ABOUT THIS TASK
An exact copy of every entry is the answer here, with no pictures.

THE INPUT
[Start of section]

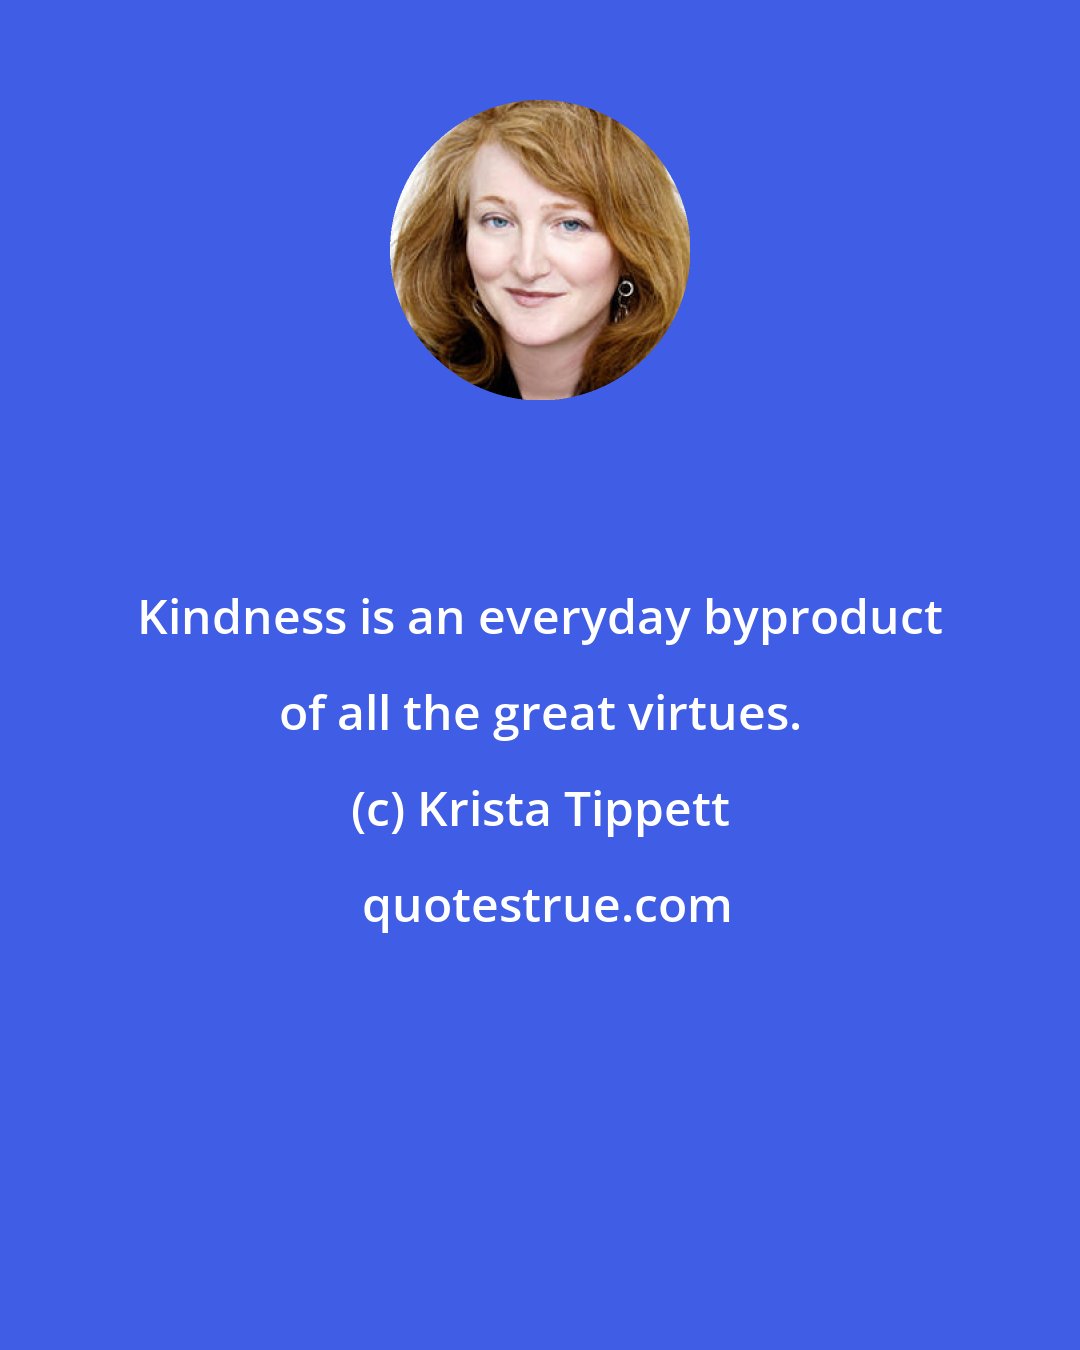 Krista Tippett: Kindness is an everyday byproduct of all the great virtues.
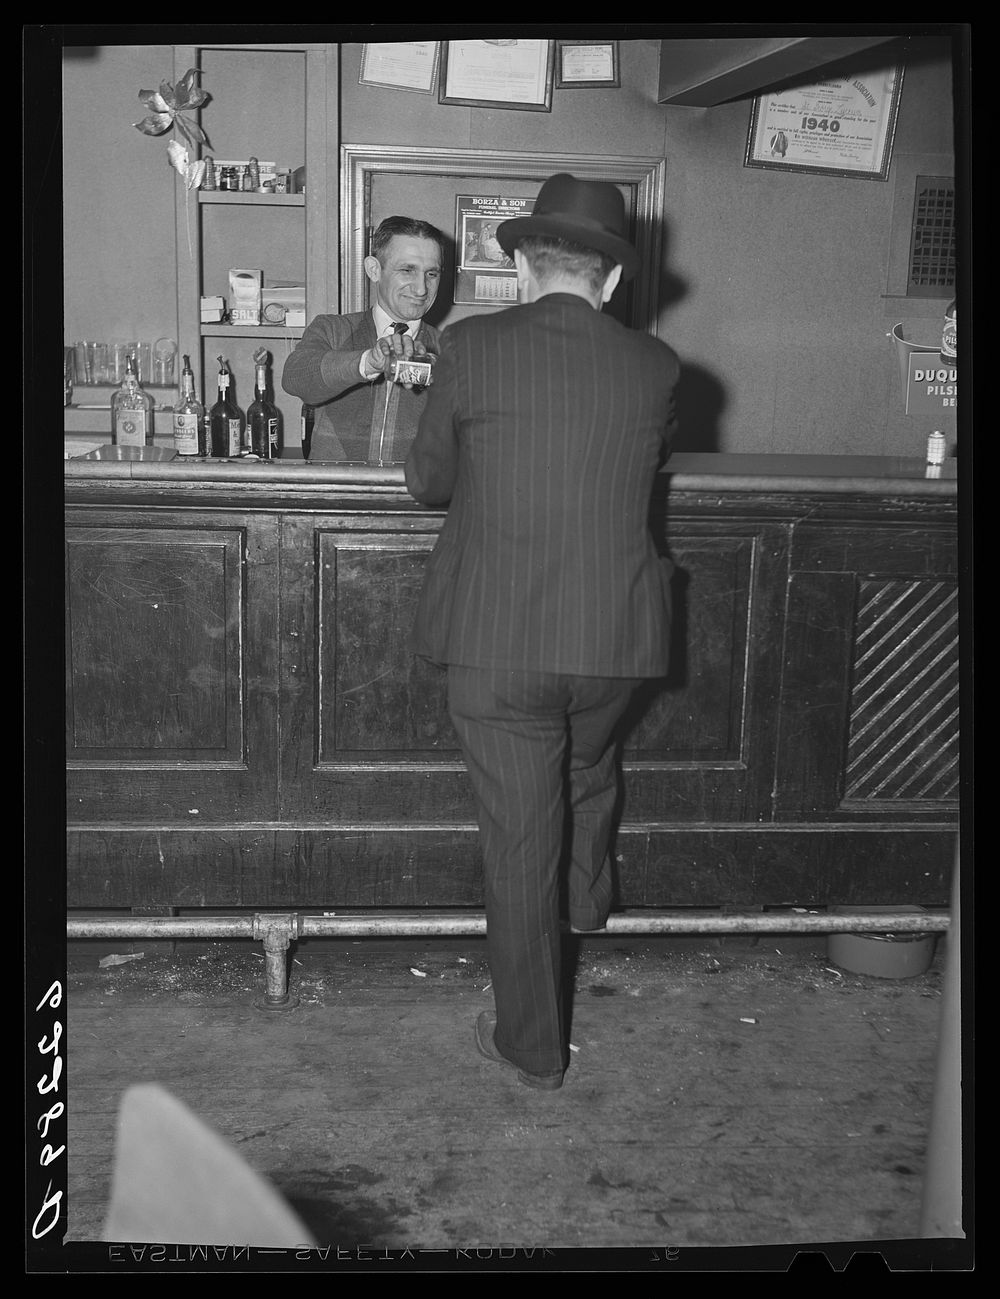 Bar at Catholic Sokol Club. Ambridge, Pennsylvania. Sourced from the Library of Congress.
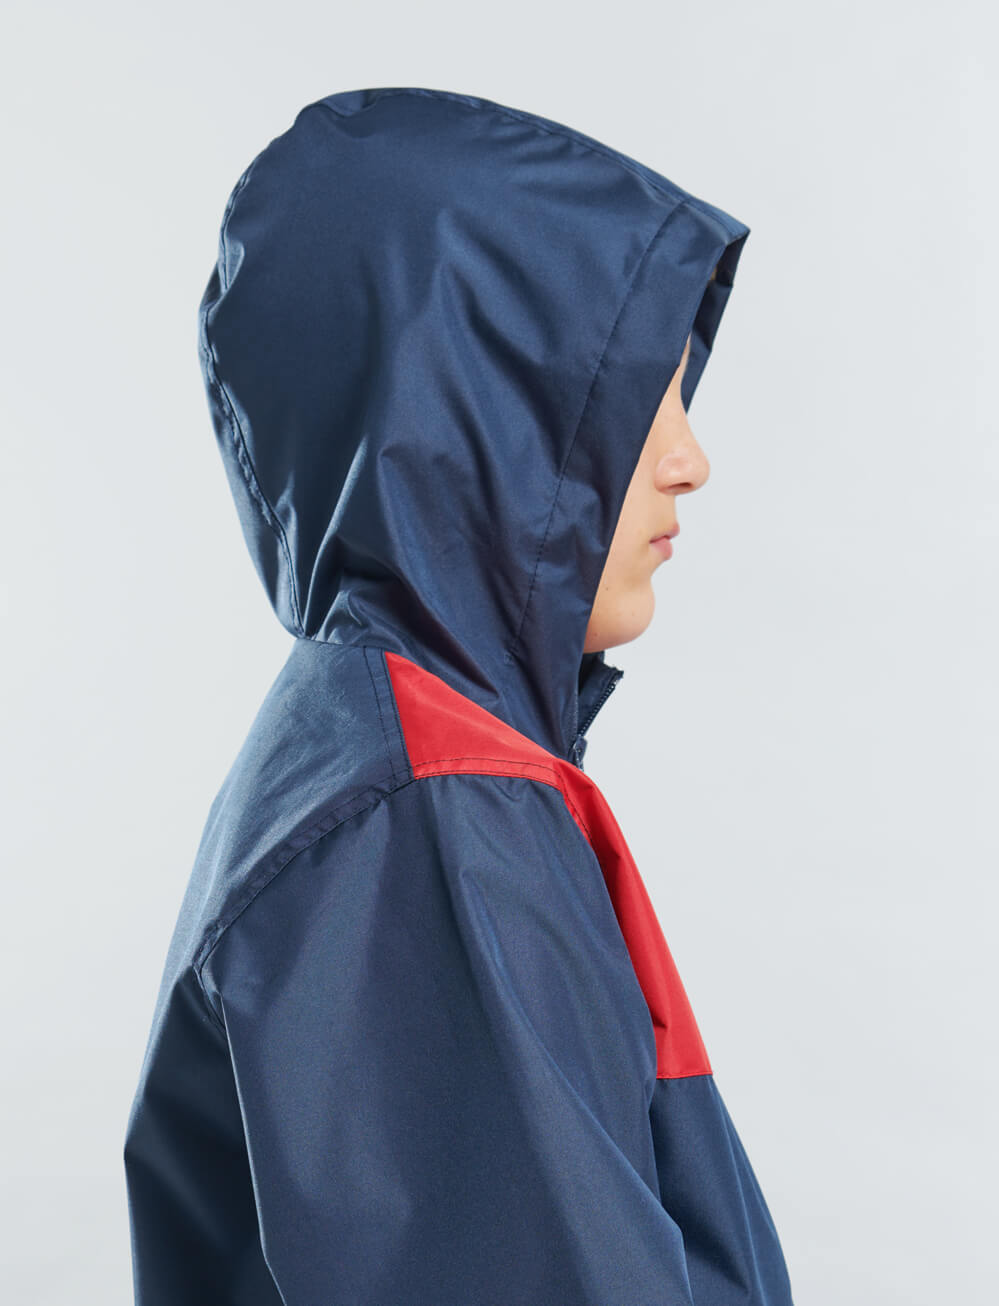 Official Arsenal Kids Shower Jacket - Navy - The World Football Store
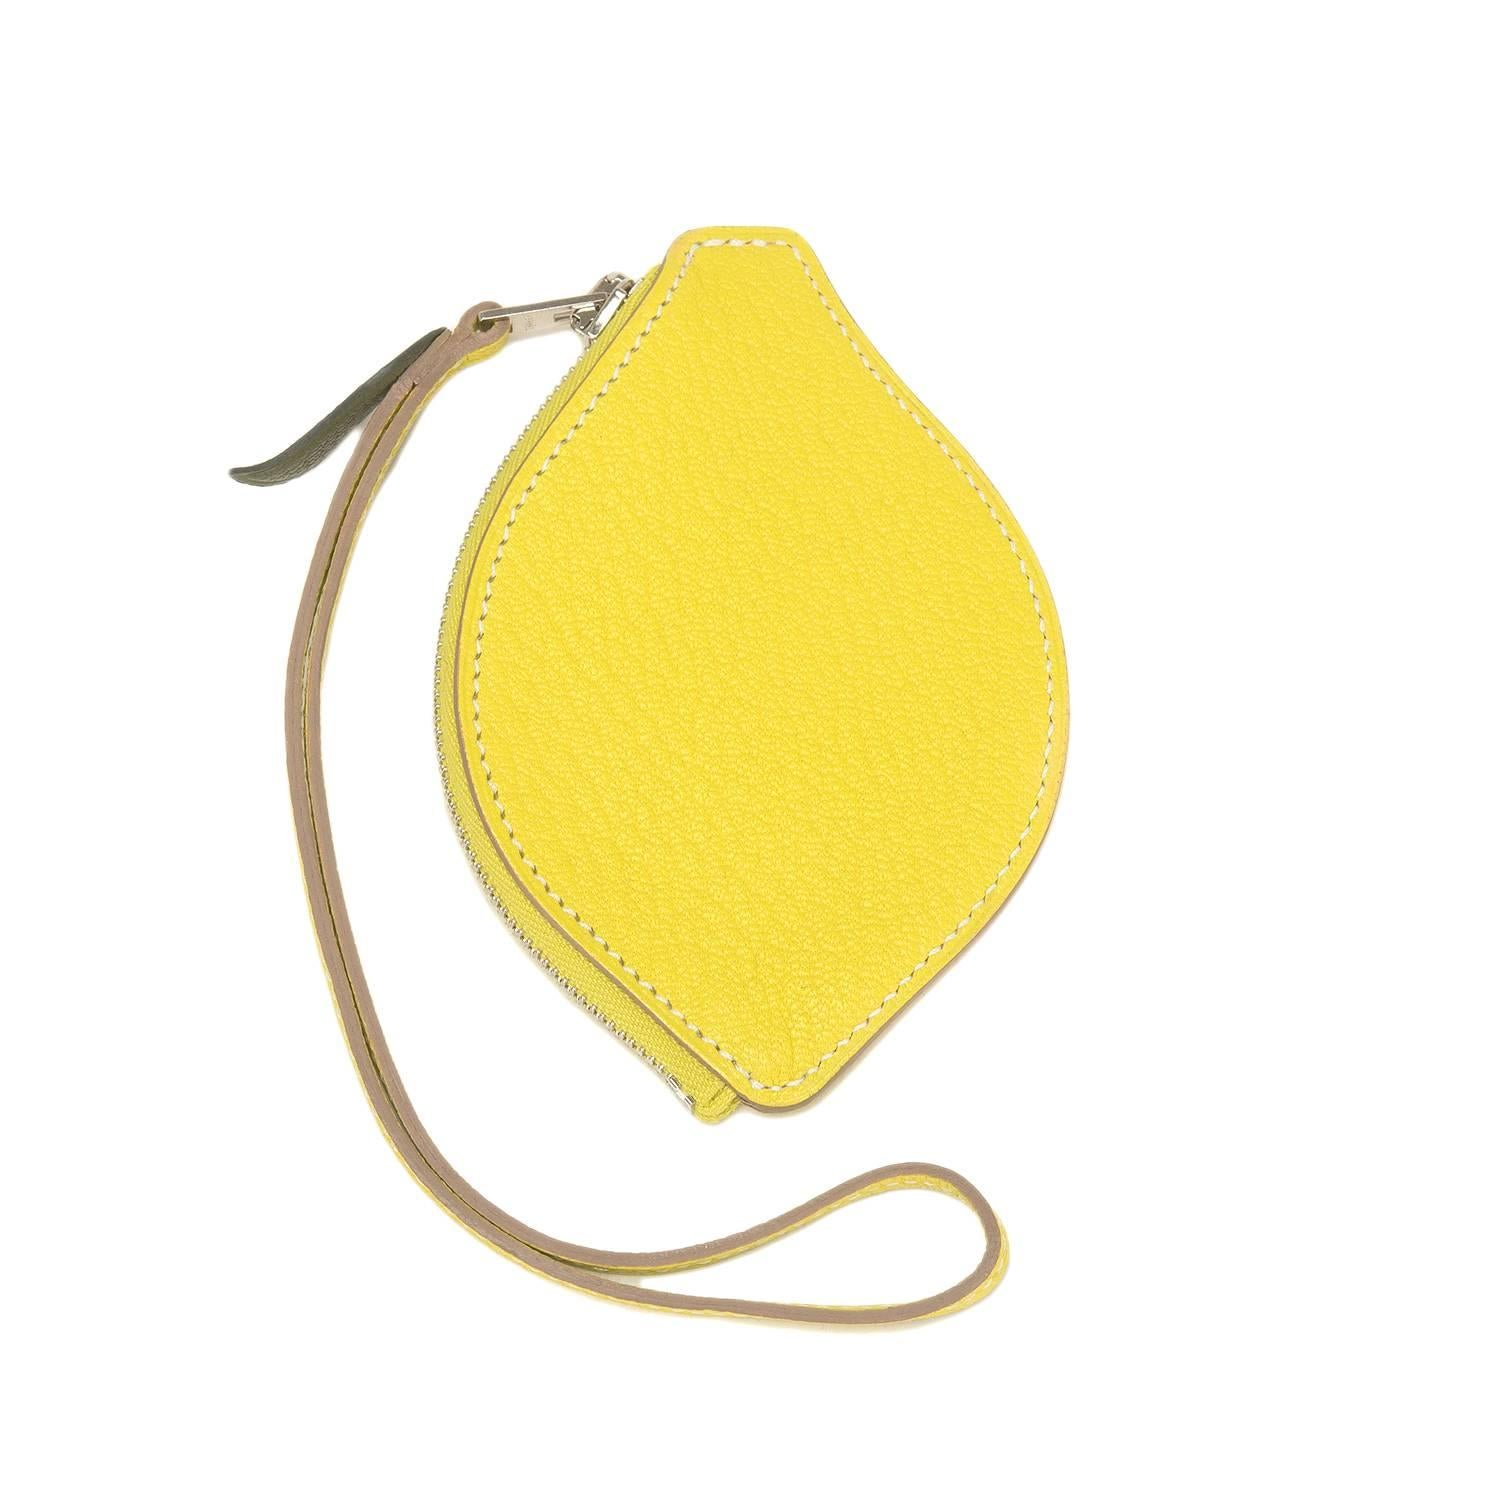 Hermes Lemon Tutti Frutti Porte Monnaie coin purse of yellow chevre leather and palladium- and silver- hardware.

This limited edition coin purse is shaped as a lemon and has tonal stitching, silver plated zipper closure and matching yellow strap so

[End of section]

REPLY TO THE TASK
 Krista Tippett: Kindness is an everyday byproduct of all the great virtues.
 Bar at Catholic Sokol Club. Ambridge, Pennsylvania. Sourced from the Library of Congress.
 Official Arsenal Kids Shower Jacket - Navy - The World Football Store
 Hermes Lemon Tutti Frutti Porte Monnaie coin purse of yellow chevre leather and palladium- and silver- hardware.

This limited edition coin purse is shaped as a lemon and has tonal stitching, silver plated zipper closure and matching yellow strap so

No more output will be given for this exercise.